Consider the smooth fiber bundle $$F\to E \xrightarrow{\pi}B.$$ The vertical bundle $\mathcal{V}\subset TE$ is uniquely defined to be the kernel of $d\pi$. By choosing some Riemannian metric $g$ on $E$, we can also define a horizontal bundle $\mathcal{H}\subset TE$ as the $g$-orthogonal complement of $\mathcal{V}$, i.e. $$\mathcal{H}=\mathcal{V}^{\perp}=(\ker d\pi)^{\perp}.$$ Then the tangent bundle of $E$ decomposes as $TE=\mathcal{V}\oplus \mathcal{H}$.
Is it true that $\mathcal{H}$ and $TB$ are isomorphic vector bundles? Here is my idea for trying to prove it:
Pointwise, $d\pi_p:\mathcal{H}_p\to T_{\pi(p)}B$ is an isomorphism of vector spaces since $\pi$ is a submersion (i.e. $d\pi$ is a surjective linear map) and the restriction of $d\pi_p$ to $\mathcal{H}_p$ is injective by construction: $\mathcal{H}_p\cong T_pE/\ker(d\pi_p)$. Thus, in one direction, we have the vector bundle morphism $(\pi:E\to B,\;d\pi:\mathcal{H}\to TB)$ induced by $\pi$. For the inverse morphism, let $\varphi:B\to E$ be a global section of $\pi$ and define the vector bundle morphism $(\varphi:B\to E,\;(d\pi)^{-1}:TB\to\mathcal{H})$.
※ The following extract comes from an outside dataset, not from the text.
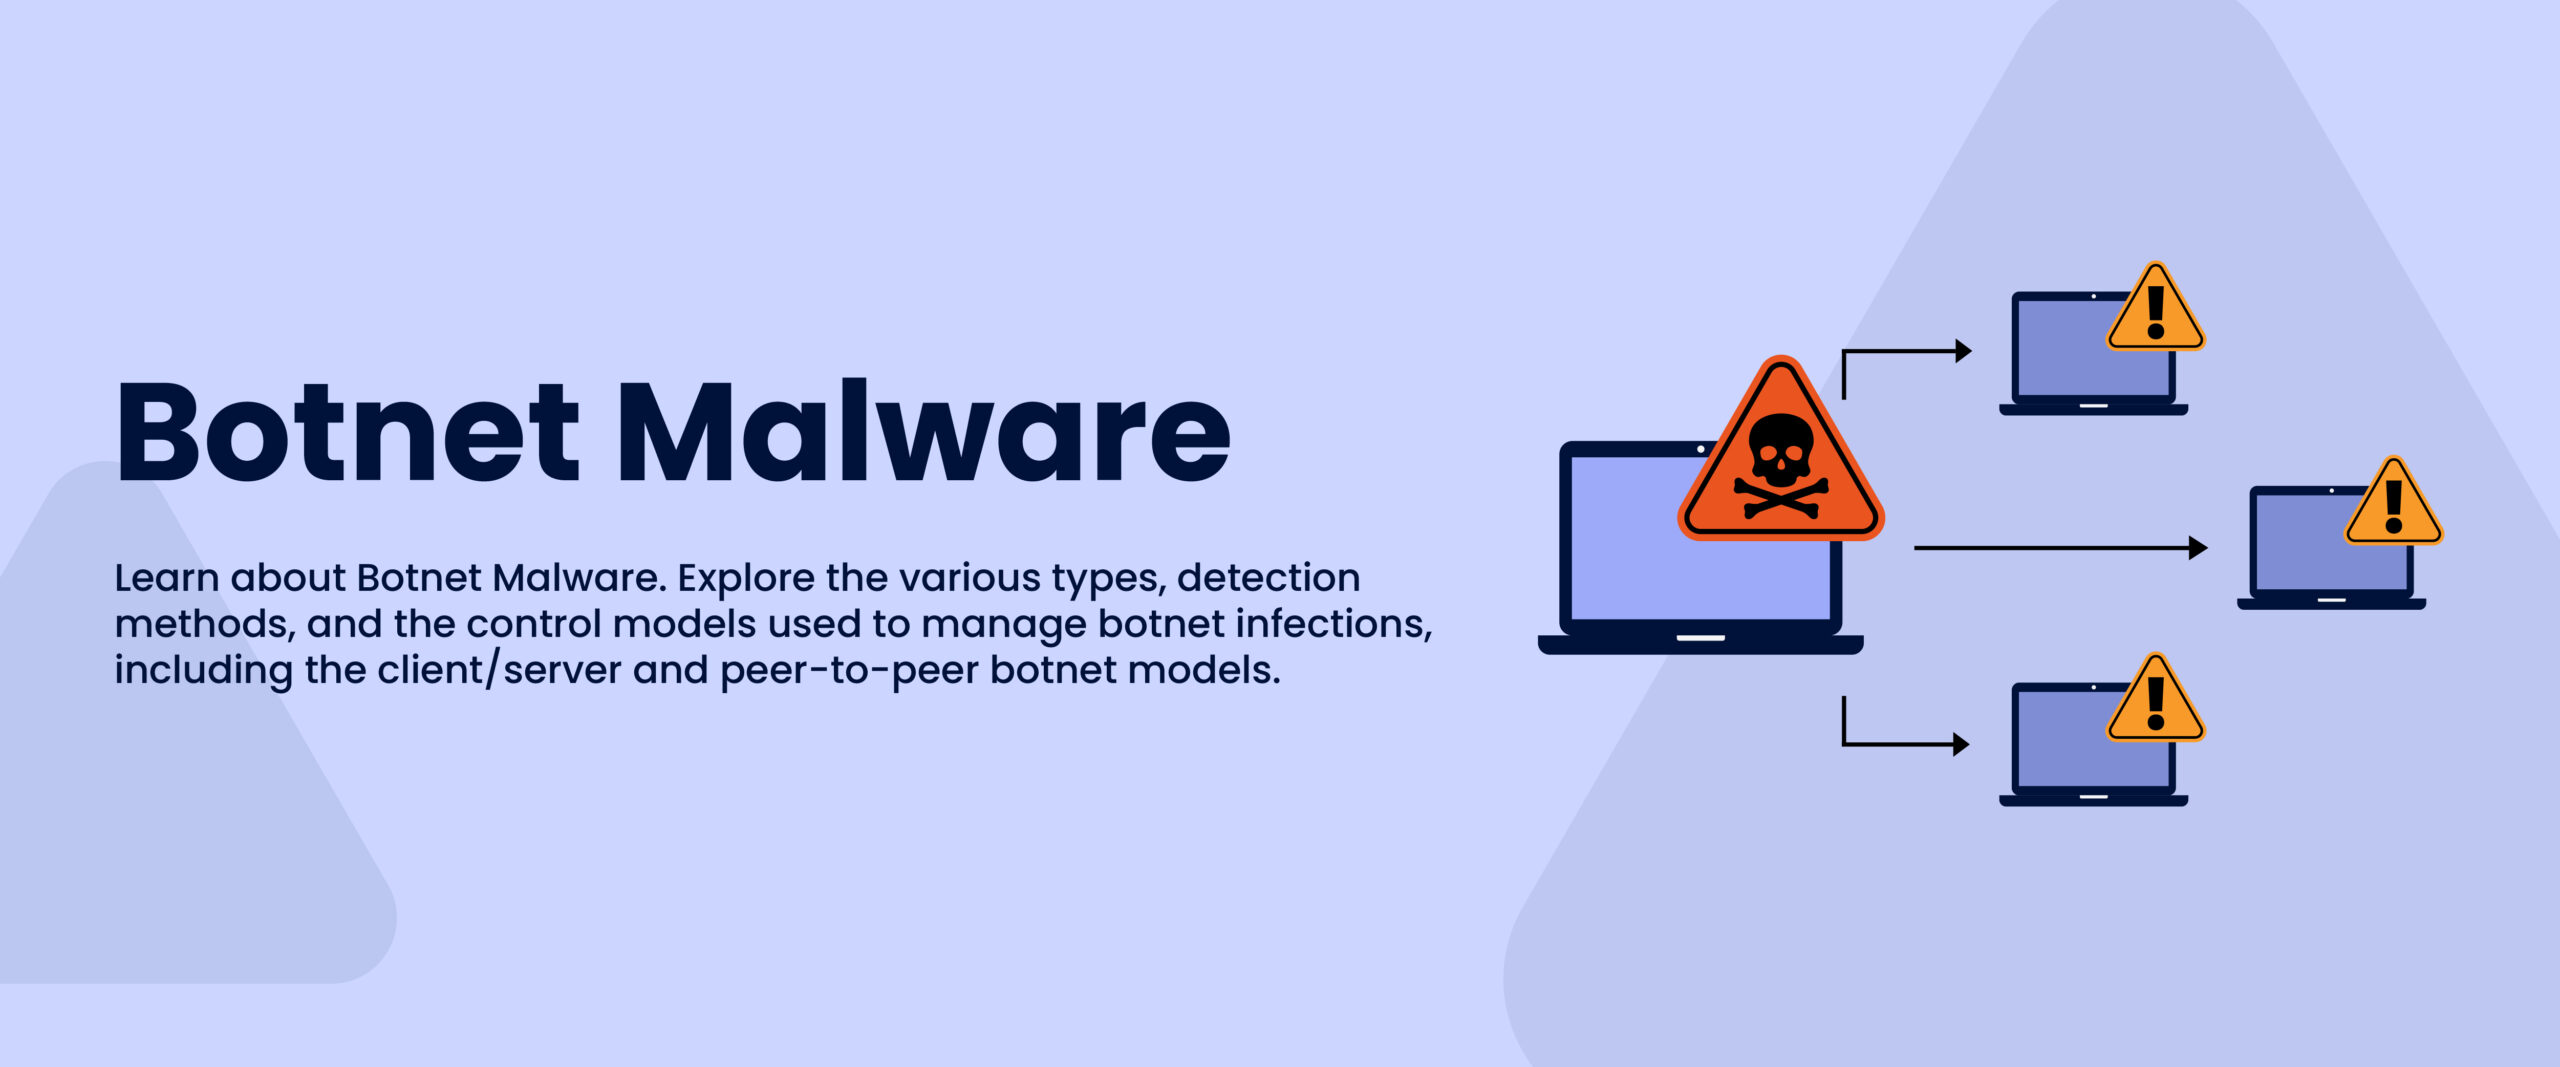 Botnet Malware

Does this work? My concern is that there may not exist a global section $\varphi$ of $\pi$.
Thanks for your help.
I see two issues. First, $\mathcal{H}$ and $TB$ are bundles over different manifolds, so they can't be isomorphic as stated. Second, as you noted, many bundles have no global sections. For example, the Hopf bundles $S^1\rightarrow S^3\rightarrow S^2$ does not.
What is true, however, is that $\pi^\ast(TB)$ is isomorphic to $\mathcal{H}$.
To see this, first recall that $\pi^\ast(TB) = \{(e,v_p)\in E\times TB: \pi(e) = p\}$. Here, I am thinking of $TB =\{v_p: p\in B, v\in T_p B\}$ The projection map $\pi_1: \pi^\ast(TB)\rightarrow E$ is the projection on to the first factor.
To see this, consider the map $f:\mathcal{H}\rightarrow \pi^\ast(TB)$ given as follows. For $v\in \mathcal{H}_e\subseteq T_e E$, we define $f(v) = (e, d \pi_e v)$.
First note that $f(v)\in \pi^\ast(TB)$ because $d\pi_e v \in T_{\pi(e)} B$. Clearly $f$ is smooth.
The map $f$ also commutes with projections. That is $\pi = \pi_1\circ f$. This follows because $\pi_1(f(v)) = e = \pi(v)$ for $v\in\mathcal{H})_e$.
The inverse is given by $f^{-1}(e,v_p) = (d\pi_e)^{-1} v_p$, where I am thinking of $d\pi_e$ as an isomorphism $\mathcal{H}_e\cong T_{\pi(e)}B$.